Discovering This Old House

I sat there on my new toilet (lid down) staring at the wall, trying to think good thoughts. So maybe the lady owned and wore diamond rings, and the rings slipped off while she was doing dishes or washing her hands and dropped down the drains. This would account for both the kitchen and bathroom sink pipes being disconnected and lying about. Perhaps they kept some kind of endangered species in the bathtub? I hear the otters are trouble again. How else could there be so much water damage on the floors, walls and the bathroom ceiling?  There was murky, standing water in the bathtub that would not drain when I bought this pitiful fixer-upper.

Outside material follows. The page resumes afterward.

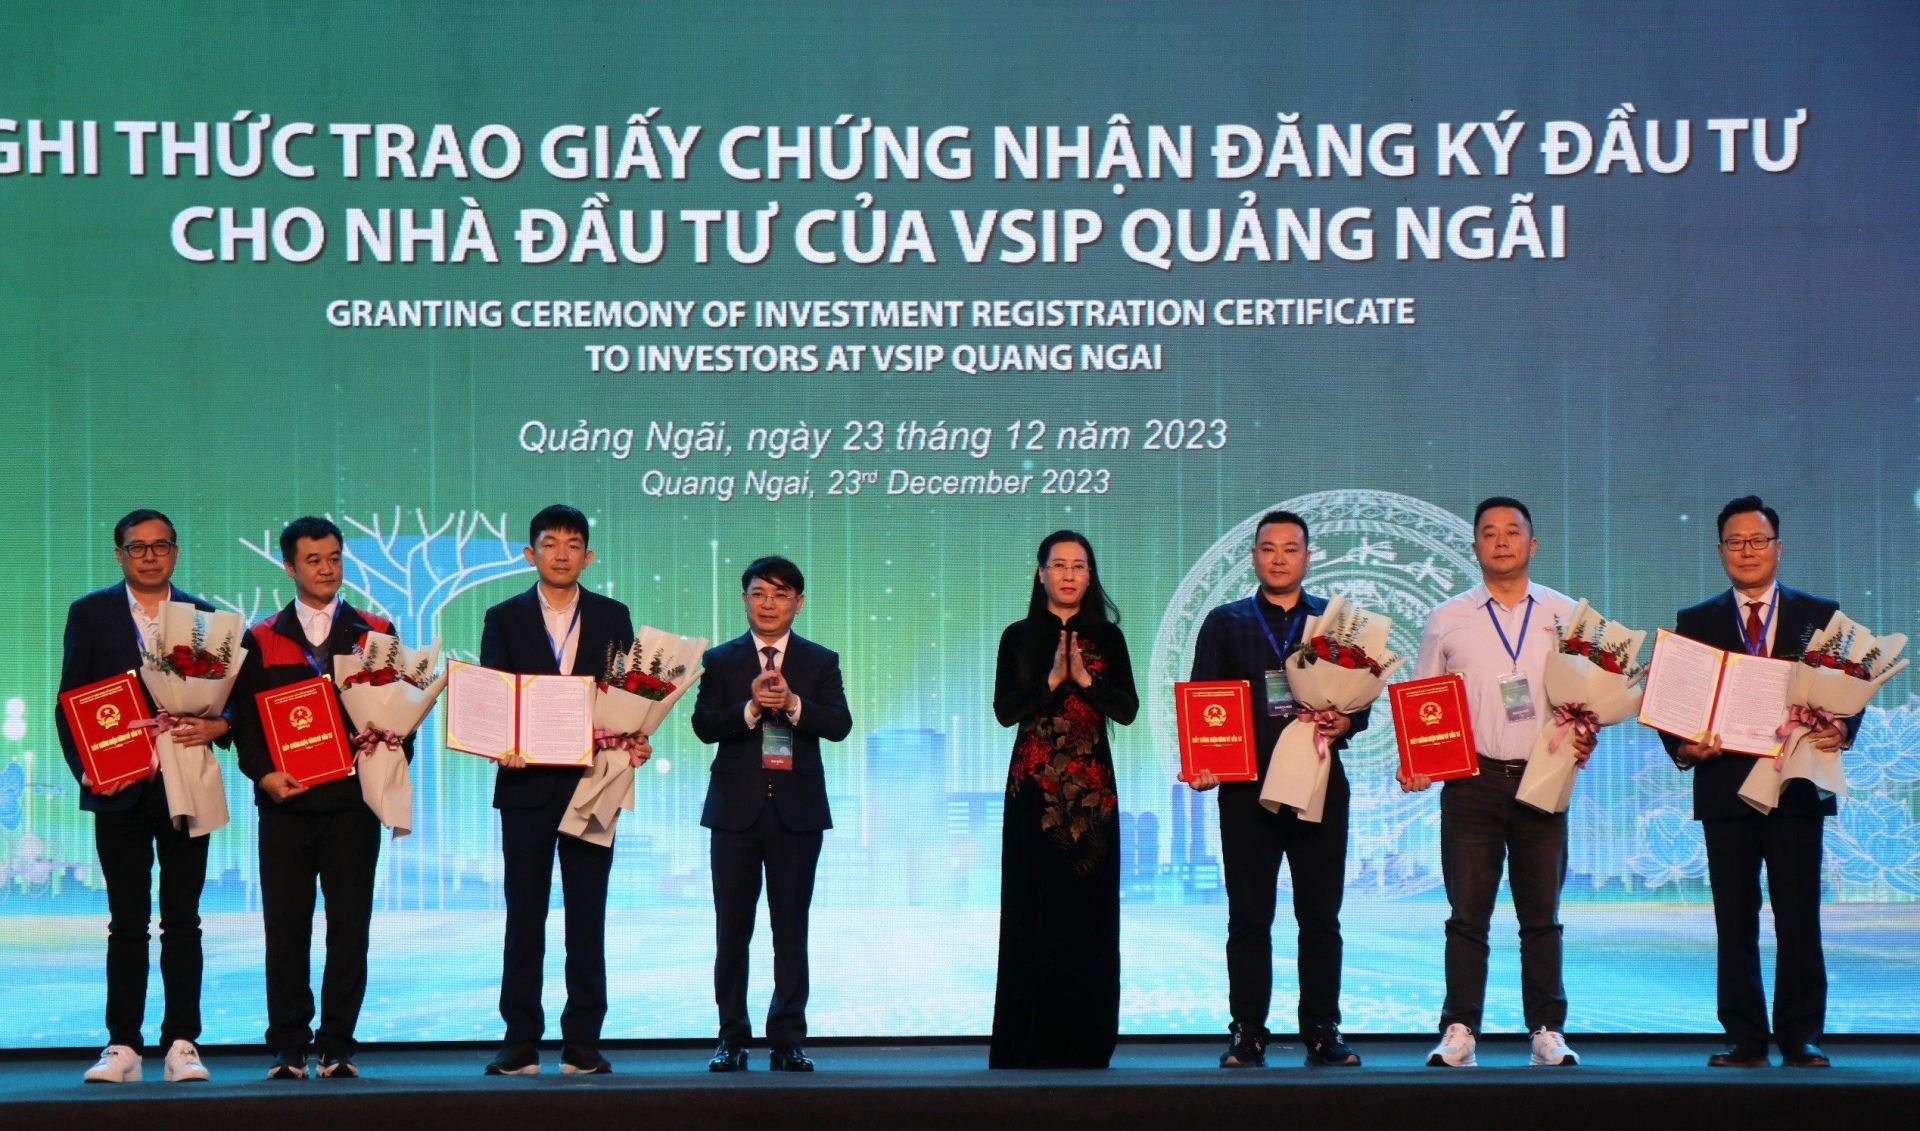 Tại buổi lễ, tỉnh Quảng Ngãi đã trao Giấy chứng nhận đăng ký đầu tư cho 4 dự án cấp mới vào Khu công nghiệp VSIP Quảng Ngãi trong năm 2023 với tổng vốn đăng ký khoảng 69,3 triệu USD

And the old, calcified toilet? Just a little humor on their part, because it flushed so slowly, probably anyone using the shower in the other bathroom in the back of the house, at a slightly lower elevation, lost water pressure for quite a bit. Then, when the sewage started coming up through the drain, well, the expression on the fleeing showerer’s face was no doubt priceless…

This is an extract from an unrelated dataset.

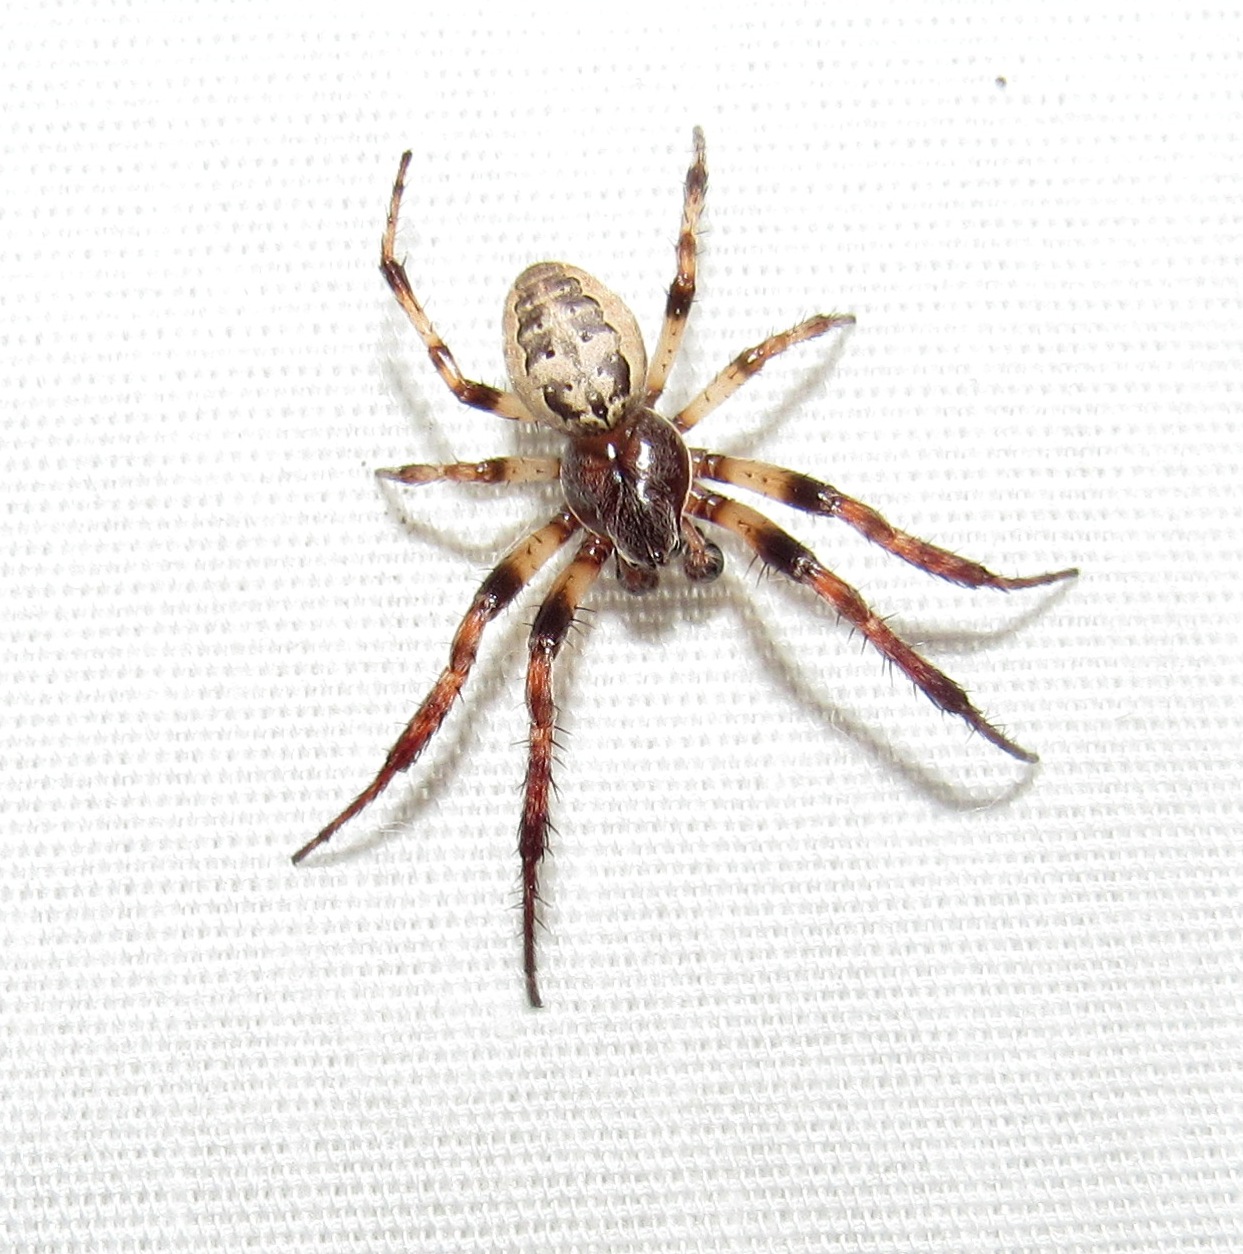 Dark spider with white line down the back - Eriophora ravilla

It took a plumber and his assistant one day and the equivalent of probably one month’s rent the owner had not been willing to spend to repair the whole mess. Then, because the front bedroom had no closet, some former tenants took it upon themselves to build one—into the bathroom. Now, upon entering the bathroom, one faced a blank wall. A turn to the right would point one in the direction of the toilet; a couple of steps and a sharp turn left took one to the sink. Between these two features was the tub. This L configuration was awkward and ugly. And the built-in closet was poorly constructed. It didn’t take much effort to tear it out which I had done.

The party who boarded up the big old bathroom window, replaced it with an ugly little aluminum-framed sliding window which destroyed the symmetry of the house from the outside. I tore that out as well and now had a lovely big open hole in the bathroom wall.

I had also ripped out some of the water-warped wall paneling under which was more water-warped paneling. Who in their right mind would install tin tiles in a bathroom? Tin rusts, as was clearly evident. I am not thinking good thoughts.

So there I sit on the toilet (lid down) pondering all this and staring at the wall of my now 77 square foot bathroom (sans closet). At the place where the closet was attached to that wall I see a space between the warped fake paneling…planks? Houses aren’t built of planks. Houses are constructed of two-by-fours which are covered with sheetrock—although this clearly wasn’t sheetrock. I picked up the crowbar and hammer again for a closer investigation of the planks.

By the time I was done, I was standing in an 847 cubic foot bathroom surrounded by one-inch by 12-inch cedar planks with red fir flooring under my feet instead of layers of decaying linoleum. Even the now 11-foot high ceiling (hiding above the acoustical tile eight-foot ceiling I had since ripped down) was made of one-by-12 cedar planks. It was the most gorgeous, rustic bathroom I had ever seen, and it was mine—all mine!

In a corner of the bathroom ceiling was a square door for attic access. The house had no apparent attic access when I bought it. This was why. I got the ladder and climbed up and slowly removed the door. Poking my head through the space, I could hear the Hallelujah Chorus rising in my spirit. Rays of golden light streamed through vertical slats of attic vents onto a dusky space that had not been seen for decades. From my vantage point I could see the whole house had originally been constructed of the one-by-12 cedar planks, hidden beneath layers of paneling and above false ceilings for a very long time. My “pitiful fixer-upper” was some kind of historic treasure!